Woman’s religion and marriage choices: The meeting and diverging points

Over the years, natural scientists had insisted that our body is 60% water, and so have social anthropologists been establishing that religion influences 60% of our actions and idiosyncrasies.

The same way, social scientists teach that man is homo-politico (political being), anthropologists add that man is also homo-religiosus (he is inborn religionist).
Consequently, religious convictions, without appeal to any particular sex, inform people’s daily choices. And the choice of who becomes their spouses is not exempted in this respect.
Inadvertently, it expresses itself, in the decisions of, to whom we commit our future as spouse.

So, how did we arrive at the conclusion that women ought not have church/religion until they’re married?
Saying that are not entitled to have religion/church until they’re married is the same as saying that women’s salvation depends on their husband, not on themselves and Christ. If such postulation is true, then it follows that they don’t have souls till they are married. And their souls (which comes into being on their wedding day) and its eternal destination is tied to that of their husbands.

So funny!

The other day, a bride cancelled out her wedding, when she realized her man is of a different sect/denomination from hers.

She refused to compromise her decision that she can only marry a man who is a member of her church, where she believed her salvation race is better serviced.
And everyone condemned her! Insults poured in drones. She’s foolish, stupid, religion has done harm to Africa, bla bla bla.

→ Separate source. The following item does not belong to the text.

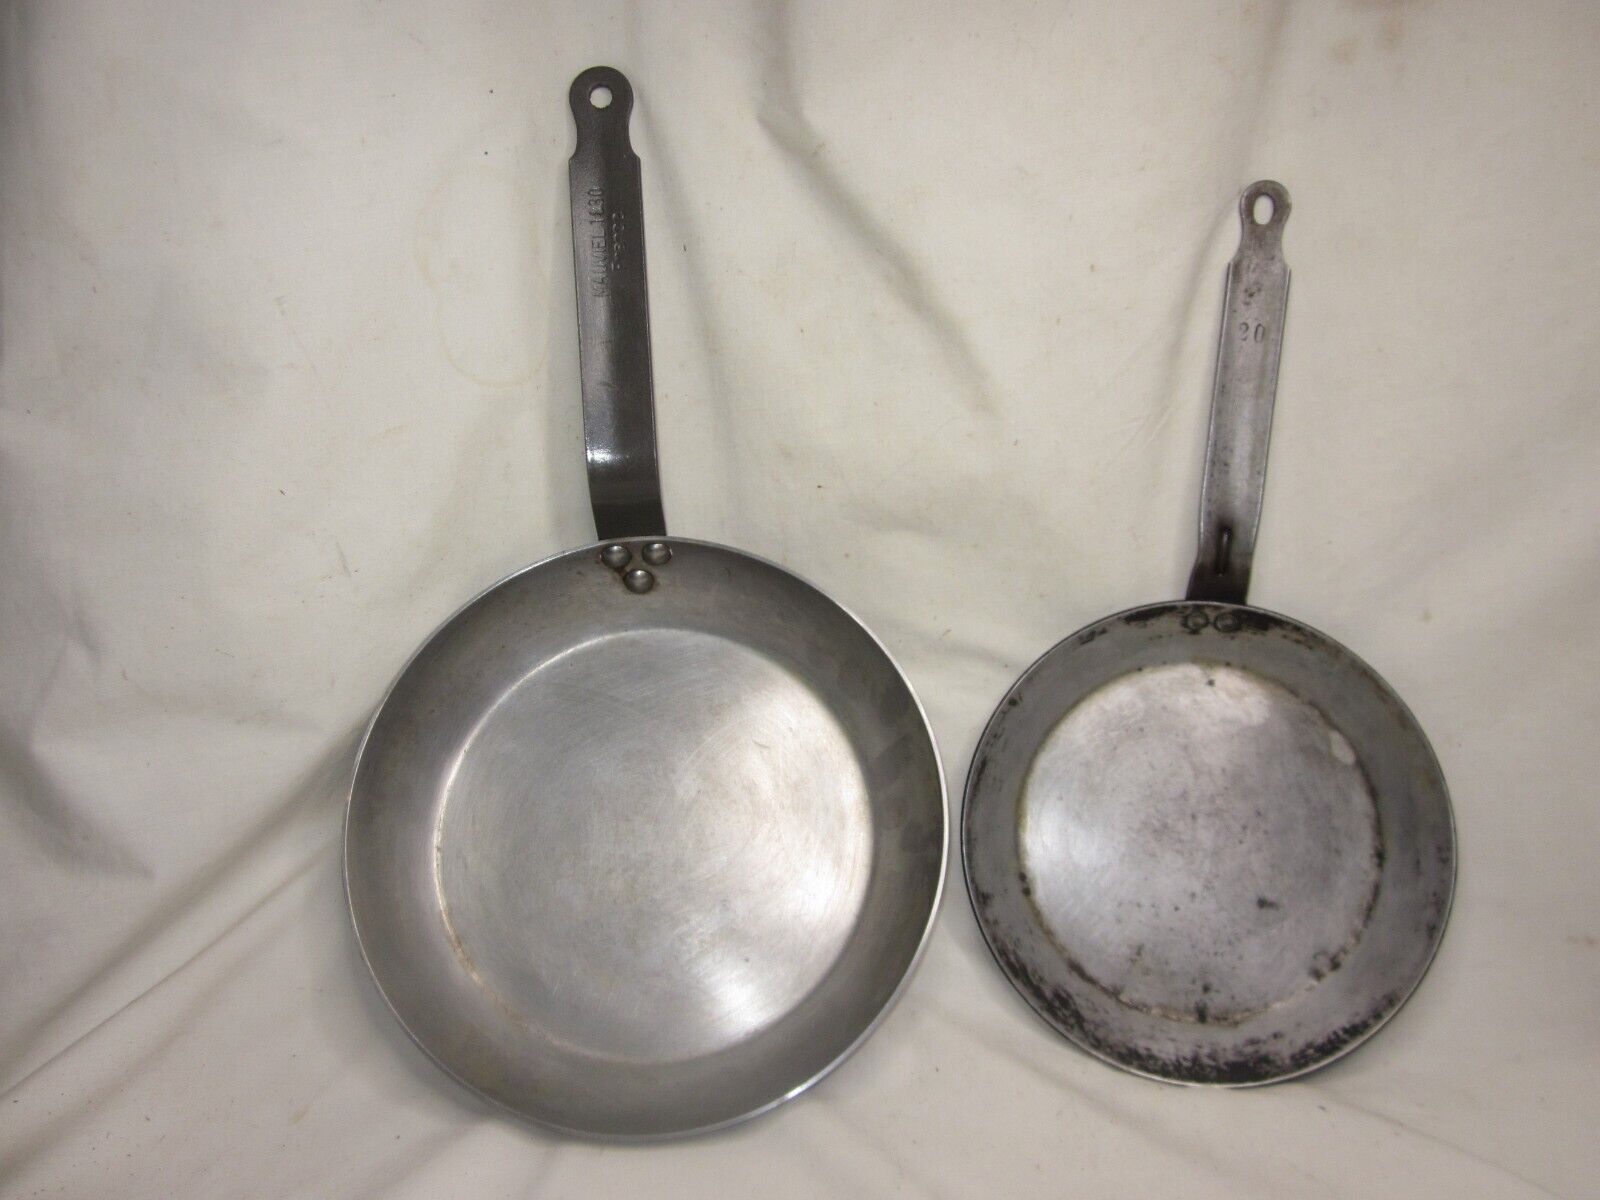 2 vintage pans skillet pan 1 marked MAUVIEL 1830 France & 20 frying skillets
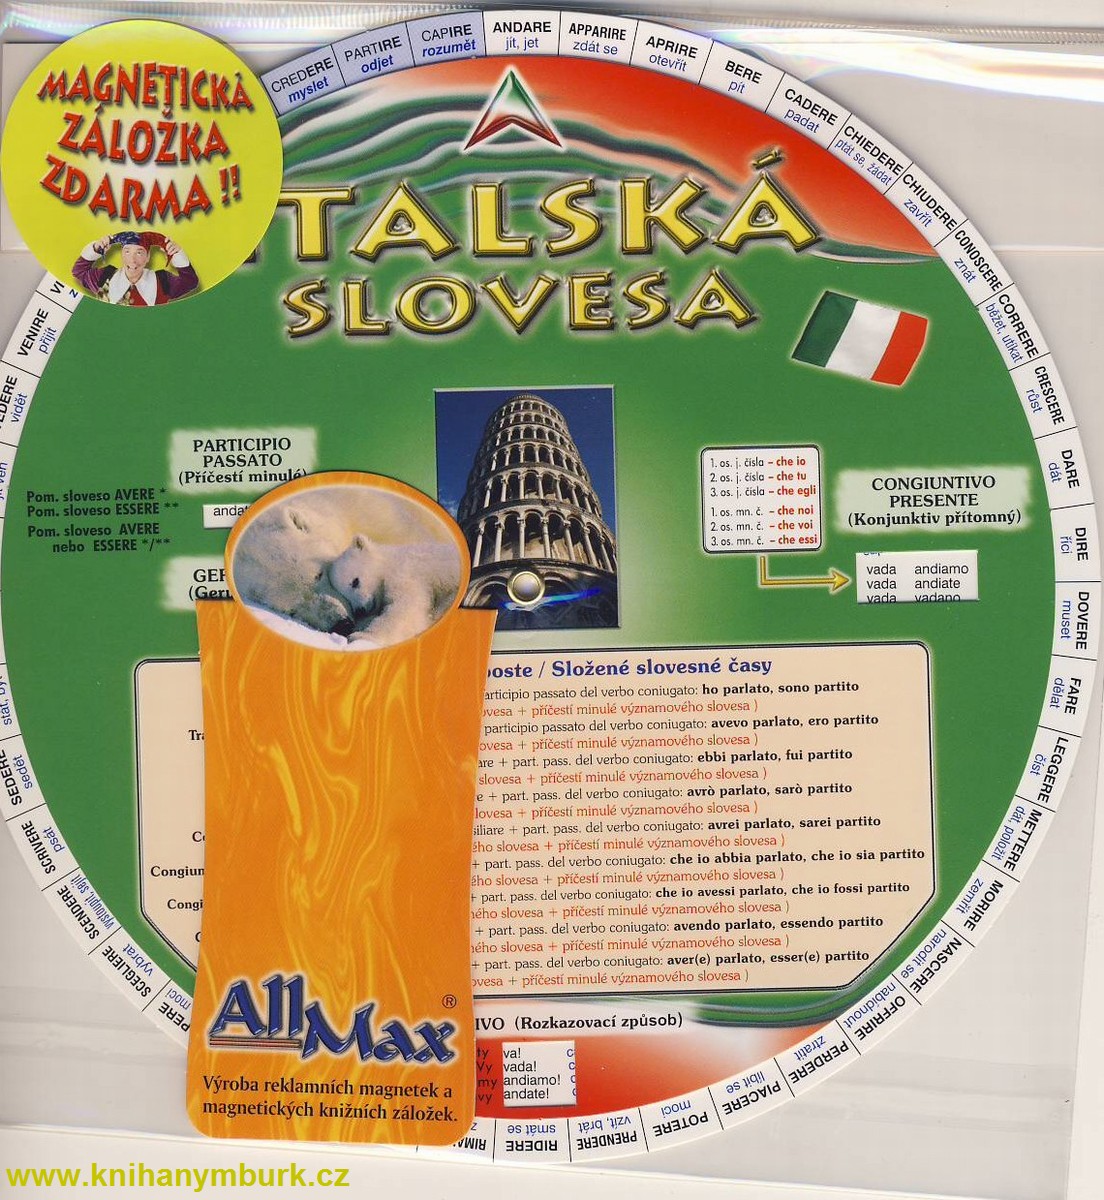 ALLMAX - Italská slovesa

I know as you read this, you may be arguing in your heart – “church doesn’t matter, religion won’t take anyone to heaven.”
My dear, let me shock you, church actually matters, and even if religion can’t take you to heaven, it can take you to hell.
It’s people who hold such opinion as you that felt so free attending any church they see, till they patronized Pastor Emeka Ezeugo (Reverend King’s) church – Christian Praying Assembly in Lagos and got bastardized by the cannibalistic pastor.

Religion doesn’t matter, but Eddie n’ Nawgu, whom members of his church nicknamed in Igbo: “Ejima Jesus” – “Jesus’ twin” confessed to having killed severally for money rituals in his ‘church’.

You support the statement that “Church doesn’t matter” but you detest church of satan. Why won’t you just subscribe to their biddings, since they’re ‘church’ as well.

The truth is that where you nourish your spiritual life matters a lot. Many a fake church abound in and around town. It takes people with spirit of discernment to know where the spirit of Christ is holding sway, and fellowship there.

The bible we use as a yardstick for salvation discourses was authored, compiled and approved by a particular church. The fact that we all accept and use that same publication as standard for our faith means a lot. Therefore, it is important to choose one’s assembly of faithfuls wisely and strictly.


There was a bible with the seven books of Moses, we reject it because it lacked canonical approval of the mother church, yet you argue that “church doesn’t matter?” If it doesn’t matter, why won’t you use the Gospel of Judas Iscariot? Or have you not heard that there are other books of the bible which was censored out and not authorized for use by the Mother Church? Why not buy/download and use them.

The great Vatican II council declared that all are called to the holiness of life, each in their respective vocation and profession. This ultimatum was not gender-based. It didn’t specify men or women, but every human being.

The petty catechism of the Catholic church gave us the reason why we were made: “God made me to know him, love him, worship him in this life, in order to live with him forever in heaven”. Again, it is not gender-sensitive.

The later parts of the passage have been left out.